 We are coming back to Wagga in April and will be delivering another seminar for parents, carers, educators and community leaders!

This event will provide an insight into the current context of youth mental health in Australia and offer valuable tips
☆ ☆ ☆
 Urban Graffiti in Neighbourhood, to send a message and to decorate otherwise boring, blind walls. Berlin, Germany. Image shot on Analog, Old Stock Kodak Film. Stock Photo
☆ ☆ ☆
## [Exercise objective]
Considering only the material above, set down every line from the one with "We are coming" to the one with "This event will", inclusive, exactly as written.

## [Solution for this problem]
 We are coming back to Wagga in April and will be delivering another seminar for parents, carers, educators and community leaders!

This event will provide an insight into the current context of youth mental health in Australia and offer valuable tips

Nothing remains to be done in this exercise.